As sociedades disciplinares procedem à organização dos grandes meios de confinamento. Estes visam concentrar, distribuir no espaço, ordenar no tempo e compor no espaço-tempo uma força produtiva com efeito superior à soma das forças elementares.

Esse modelo sucede as sociedades de soberania, cujos objetivos eram mais do que organizar a produção, decidiam sobre a morte mais do que geravam a vida. Eram extremamente repressores. Napoleão marcou a transição de um modelo ao outro.

Após a Segunda Guerra Mundial, a sociedade disciplinar encontrou uma forte crise generalizada a todos os meios de confinamento, em que toda a agonia acarretou o surgimento de um novo modelo de organização – as sociedades de controle, que designa a sociedade atual.

Como exemplos, na crise do hospital como meio de confinamento, a setorização, os hospitais-dia, o atendimento a domicílio puderam marcar de início novas liberdades, porém também passaram a integrar mecanismos de controle que rivalizam com os mais duros confinamentos, o que merece já uma nova reflexão.

Os confinamentos são moldes, distintas moldagens, mas os controles são uma modulação, como uma moldagem auto-deformante que mudasse continuamente a cada instante. Numa sociedade de controle, a empresa substituiu a fábrica e tornou-se a alma do sistema.

A situação de empresa pode ser adequadamente expressa através dos jogos de televisão idiotas. A fábrica constituía os indivíduos em um só corpo, sendo cada elemento vigiado; e a massa coletiva formava sindicatos mobilizando a resistência. Já a empresa introduz sempre uma rivalidade inexplicável como sã emulação, excelente motivação que contrapõe os indivíduos entre si e atravessa cada um, dividindo-o em si mesmo.

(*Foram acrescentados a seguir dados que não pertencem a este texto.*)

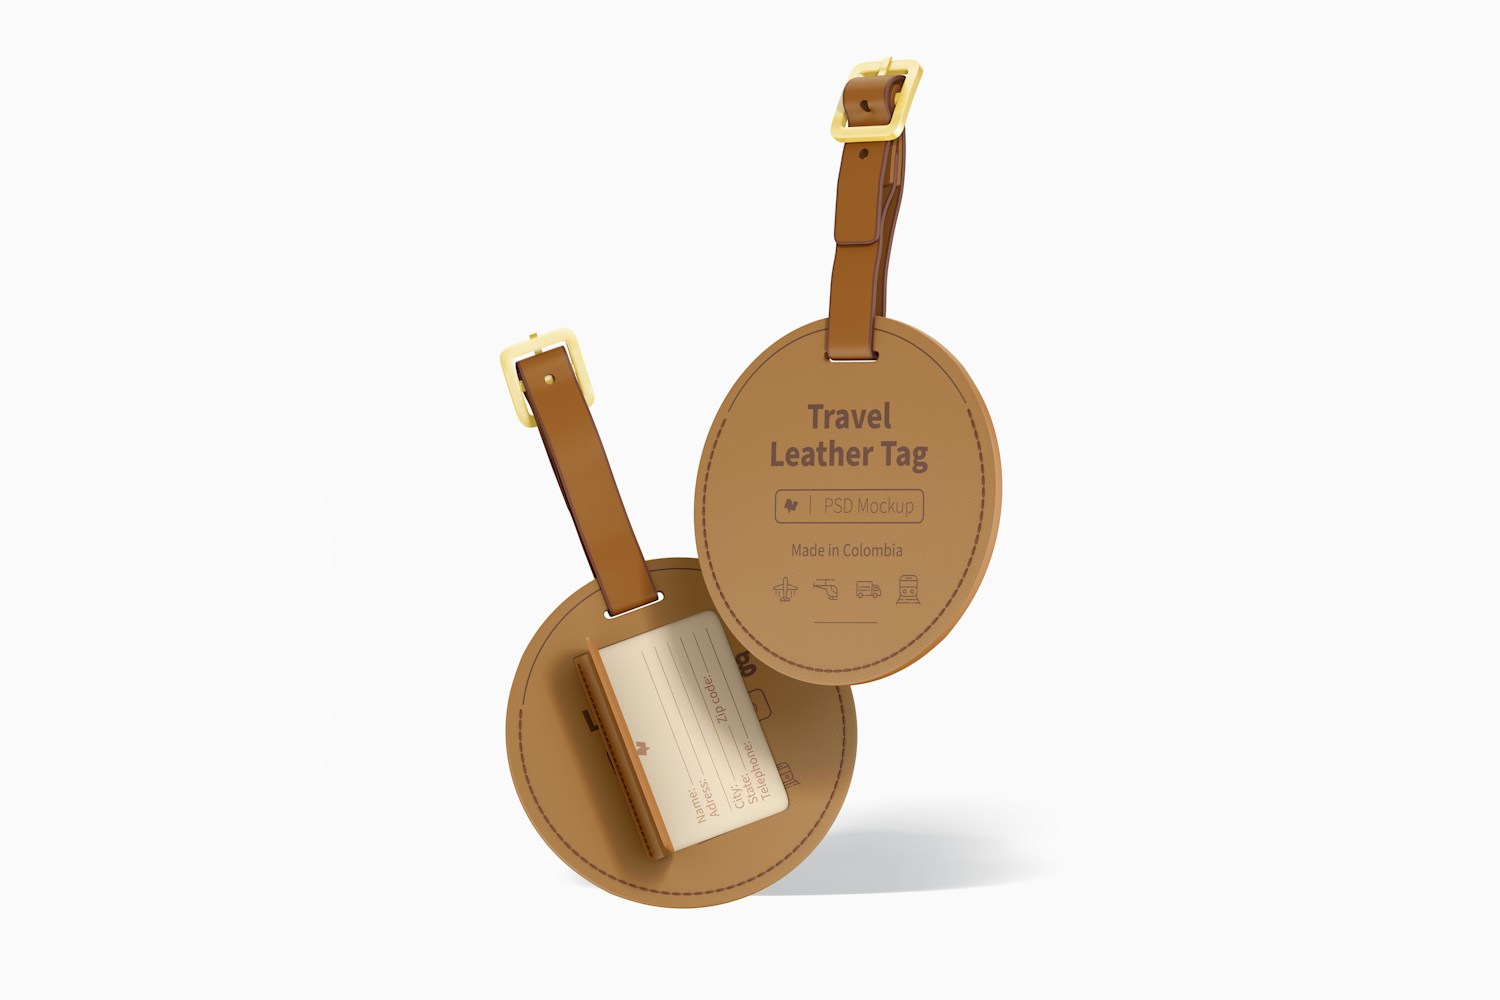 Round Travel Leather Tags Mockup, Floating

Nas sociedades de disciplina não se parava de recomeçar, enquanto nas de controle nunca se termina nada, a empresa, a formação, o serviço sendo os estados metaestáveis e coexistentes de uma mesma modulação, como que de um deformador universal.

As sociedades disciplinares possuem dois pólos: a assinatura que indica o indivíduo e o número de matrícula que indica sua posição numa massa. Já nas sociedades de controle o essencial é a cifra, uma senha, ao passo que as disciplinares são reguladas por palavras de ordem. A linguagem numérica do controle é feita de cifras, que marcam o acesso à informação ou à rejeição. O dinheiro exprime bem a distinção entre as duas sociedades, vista que a disciplina sempre se referiu a moedas cunhadas em ouro. A velha toupeira monetária é o animal dos meios de confinamento, mas a serpente o é das sociedades de controle. Este é mais esperto atualmente, sutil, embora não menos poderoso e perverso.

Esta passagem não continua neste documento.